This Day In Histroy: The Confederates Defeat the Union at the Second Battle of Sabine Past (1863)

This Day In Histroy: The Confederates Defeat the Union at the Second Battle of Sabine Past (1863)

Ed - September 8, 2016

On this day in 1863, the Second Battle of Sabine Pass, was fought and it is regarded as a Southern victory. A small Confederate force stopped a Union invasion of Texas at the mouth of the Sabine River on the Texas-Louisiana border.

In November 1862, the Confederate General John Bankhead Magruder assumed the command of Texas and territories adjacent to that state. However, the Union had been able to use their superiority at sea, to capture several Texas ports. The Union had control of most of the Texan coastline. Macgruder was an aggressive commander and he and his units go on the offensive. He re-captured Galveston, Texas, on January 1, 1863. Then he was faced with a Union invasion force at the First Battle of Sabine Pass in February of 1863. After Magruder’s forces drove the Union ships away, at this battle, the rebels were left with two harbors from which to operate and from these ships, known as blockade runners are able to keep the south supplied with key supplies such as arms and gunpowder.

 

In the summer of 1863, launched an expedition to retake Sabine Pass. General William Franklin was given an amphibious force that included gunboats, and nearly 6,000 soldiers. This force sailed from New Orleans, which was in the hands of the Union. The Union force arrived in Texas and tried to take the Sabine Pass in a surprise attack. The area was protected by Fort Griffin and it was garrisoned by a Confederate unit of 47 Irish immigrants, commanded by Richard Dowling. They were heavily outnumbered, by about 100 to one. However, they did have some fixed pieces of artillery and these were to prove decisive.

This Day In Histroy: The Confederates Defeat the Union at the Second Battle of Sabine Past (1863)
Illustration of the Union blockade of the South (1862)

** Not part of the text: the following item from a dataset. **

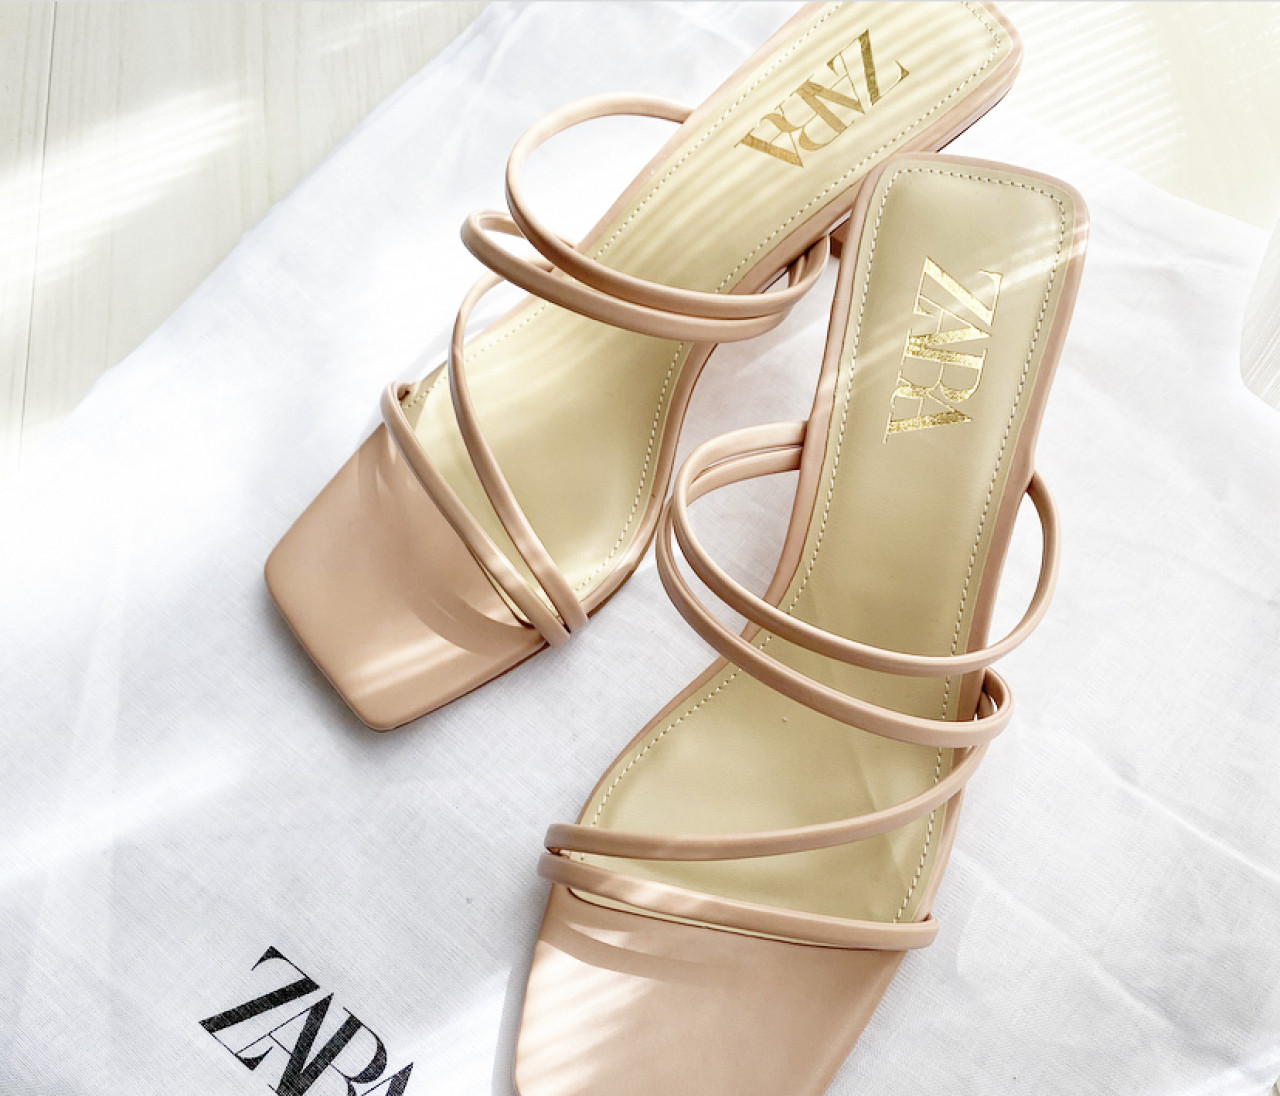 【ZARA購入品】春に向けてピンクサンダルを新調

The Union assault commenced in the afternoon, and the cannons from Fort Griffin quickly cut into the Union flotilla. The cannon fire damaged two of the gunboats and another one was forced to run aground. The troop transports ran into trouble, and one Union ship turned around without firing a shot when its crew disobeyed orders and refused to go any further. The Yankee’s amphibious force was in disarray and returned to New Orleans. The general in charge of the failed operation was severely criticized for his failure. The confederate garrison at Fort Griffin were applauded as heroes in Texas and elsewhere in the Confederacy. They had not lost a single many, while the North had suffered 100 casualties.

 

The defeat of the Union force did not end their plans to invade Texas. The Union launched an attack in the area of the Rio Grande Valley and this was part of an attempt to cut the South off from supplies from Mexico and to tighten the Union blockade of the Confederacy.